The town is located on the former island by the same name: Rozenburg Island. Its current form was created out of three separate parts: Rozenburg proper (a former sand bar between Het Scheur and Brielse Maas – part of the Nieuwe Maas river – both being branches of the Rhine–Meuse–Scheldt delta), the sand bar Welplaat, and the southernmost part of the Hook of Holland (which was cut off from mainland Holland by the construction of the Nieuwe Waterweg ship canal in 1870 and subsequently was connected to Rozenburg when the remainder of Het Scheur was dammed off). The island is now connected to Voorne-Putten by a sea barrier and a dam.

==History==
Rozenburg Island was formed centuries ago from several sand bars in the mouth of the river Maas. In 1568 construction started on the first set of dikes and in 1586 the land known as Roosenburgh was leased to Dirk Ariensz. Bisdommer and Son, the first permanent inhabitant of Rozenburg.

In 1950, the Nieuwe Maas (or Brielse Maas) was dammed off at both ends of Rozenburg Island, thereby forming Brielse Meer and connecting it to Voorne-Putten Island.

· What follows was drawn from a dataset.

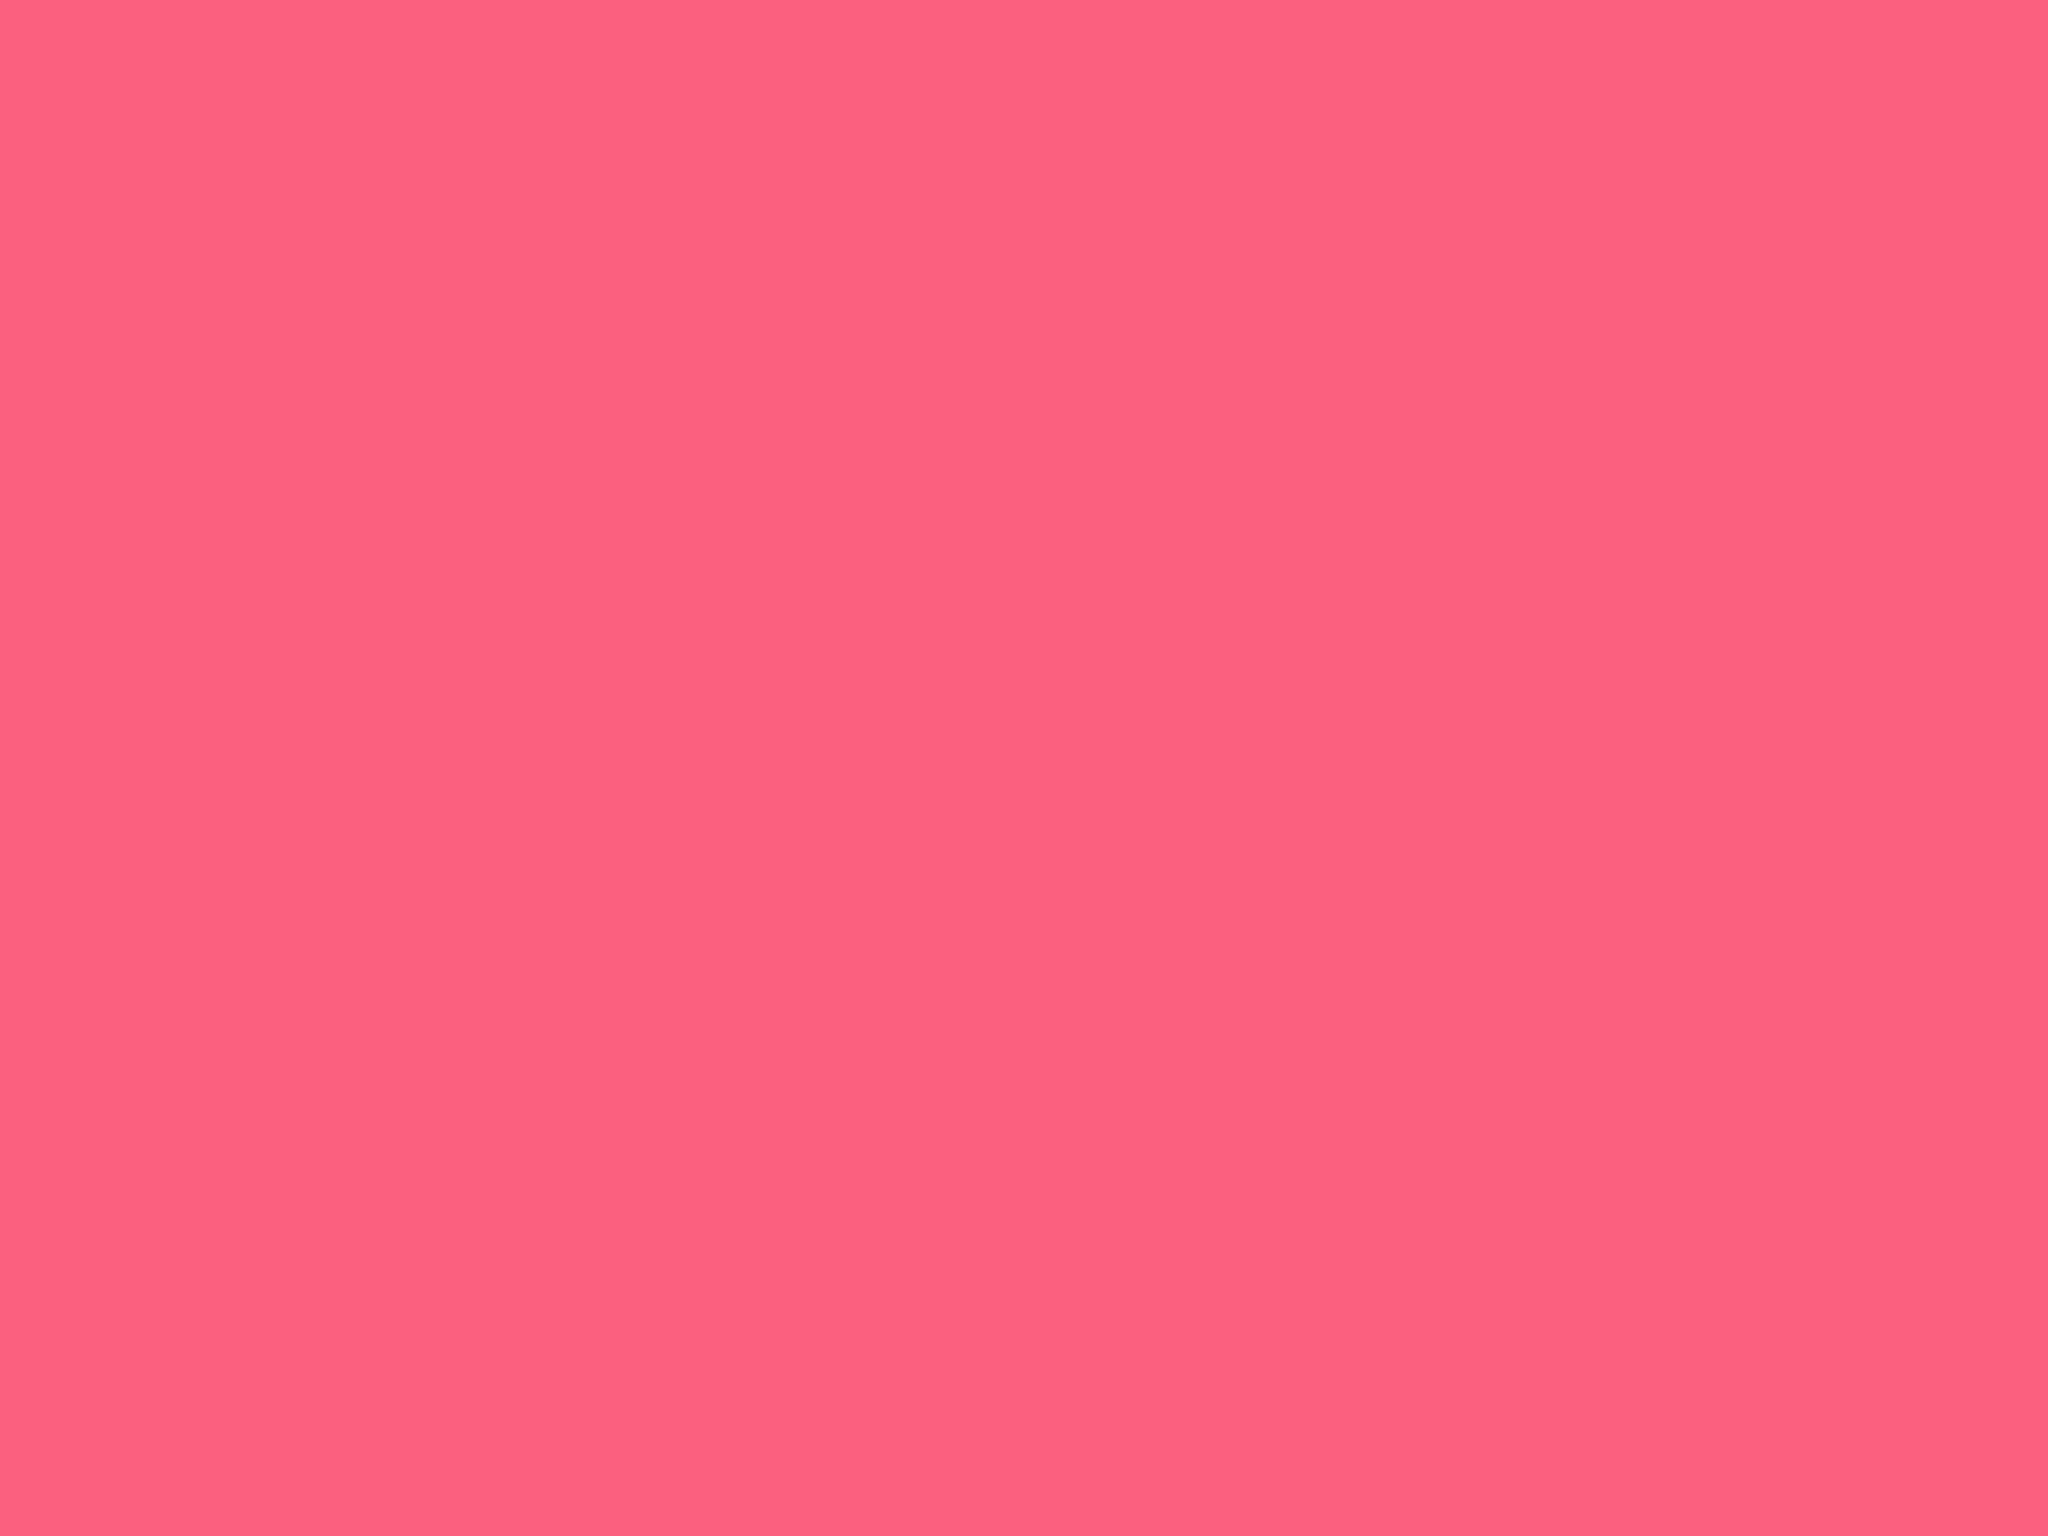 2048x1536 Brink Pink Solid Color Background

Beginning in the same period, most of the island was given to industrial enterprise, part of the Port of Rotterdam (Botlek and Europoort). When these sea ports were being planned in the 1950s, the councils of Rotterdam and Rozenburg made the arrangement that Rotterdam would lead the development of the ports and industry, whereas Rozenburg would take care of housing development for the expected population increase. The village of Blankenburg on the island had to be completely removed to make way for new canals and industry. The new housing developments were concentrated around the old village centre of Rozenburg on Het Scheur. In a short period, its population rose from 3500 to over 14000.

The Hook of Holland bit was extended with a large polder called Maasvlakte, which contains large sea harbours and petrochemical industry.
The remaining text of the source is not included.